Hullo there, I can still see the faces of those poor buggers as they came on board. It must have been pretty traumatic for them having to Abandon ship and not know when thay were going to be rescued.
I was Saloon Stwd. and Tony was Engineers Stwd. though we used to swap now and then. Messman was called Dennis and 2nd.Cook/baker was called Pancho. Old man was 'Buzz' Philips and Chief Stwd was called
'Iziah' due to his Eyes.They were a pair of Dummies as one time we were in Kobi for a few days and they ended up going to a so called Japanese Party though in fact it was a ceremony similar to a Regastry
Wedding in this country and were dropped in it when Photos were sent to home Addresses.
Were you one of the Shaven Head/Goatee Beard Club?
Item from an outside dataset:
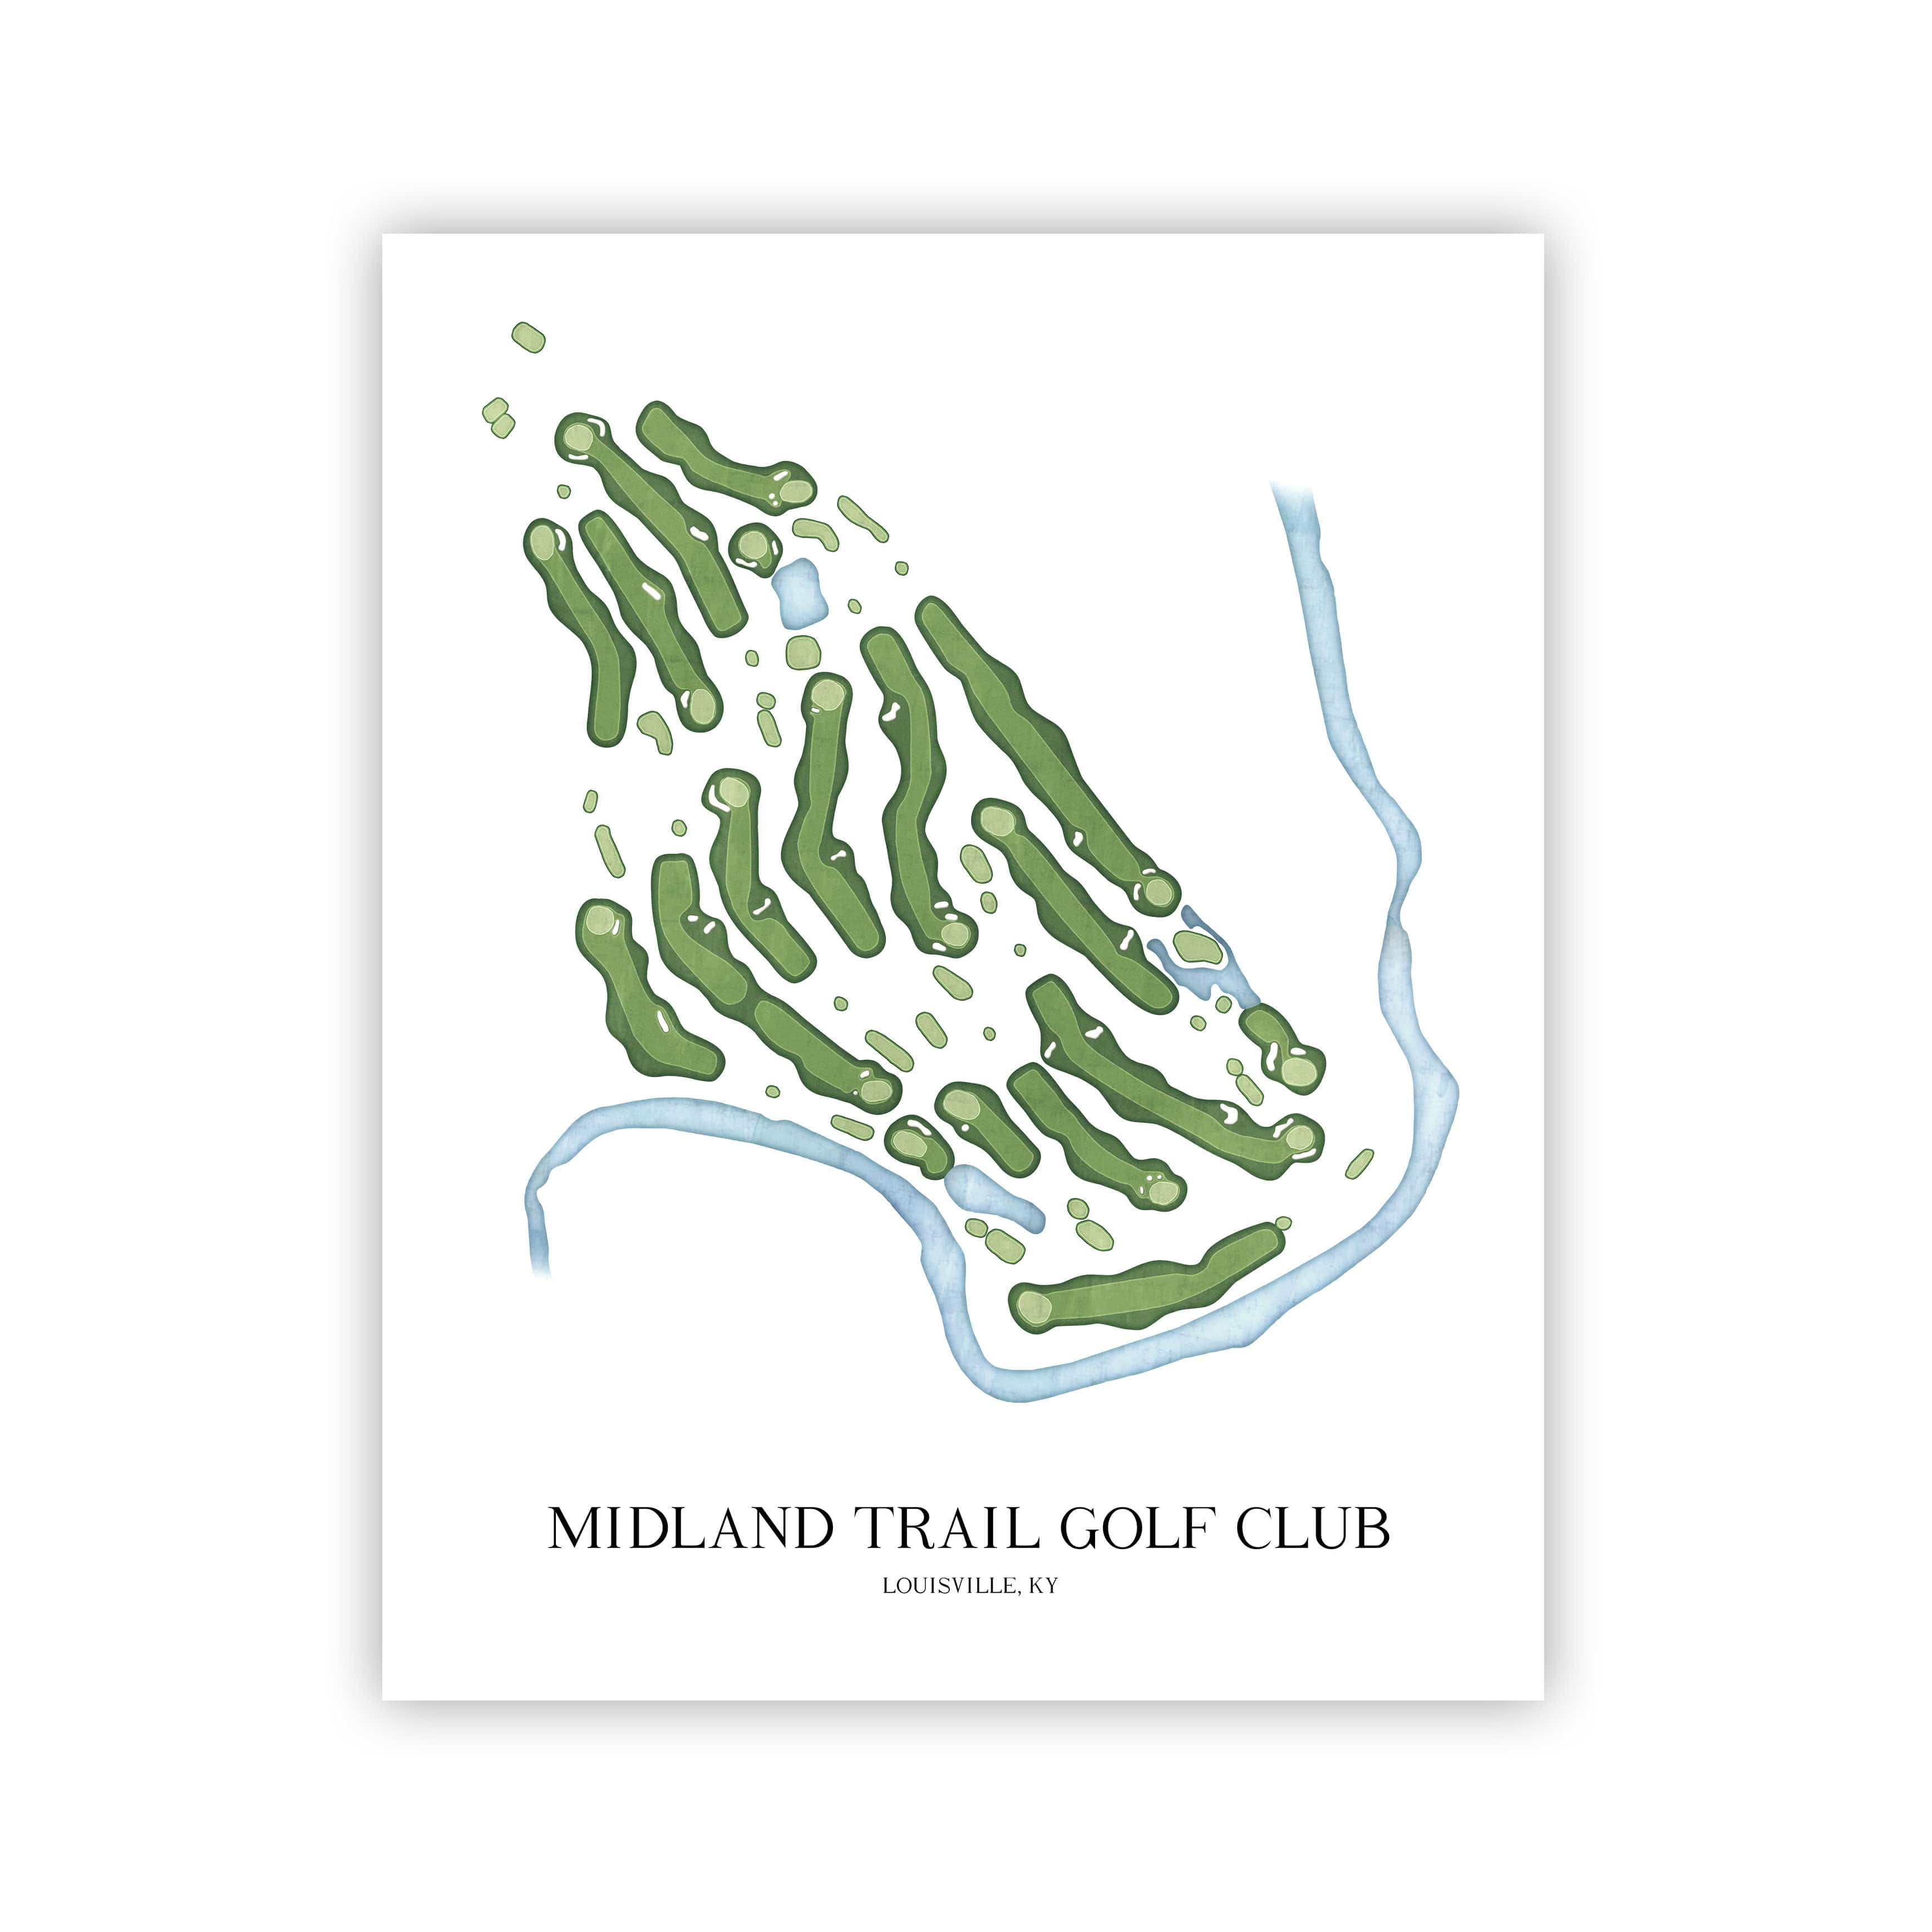 The 19th Hole Golf Shop - Golf Course Prints -  Midland Trail Golf Club Golf Course Map

Great fun was had in Moji when some members did not pay for their Nights Entertainment and the Mamasan came down to the ship trying to catch the culprits - to no avail.
I stayed with Esso til 1974 finishing uo down below as Watchkeeping Mech. (Pretty hot Down below up the Gulf in Summer bue still better that Stewarding) We Offshore in 1975 with B.P. and worked as Deck Foreman in Forties field until 1989 and worked as a Support Worker for people with Learning Difficulties til I retired in 2005. Now just relaxing and Holidaying abroad mostly to Far East.

have fun Bill(K)(==D)


----------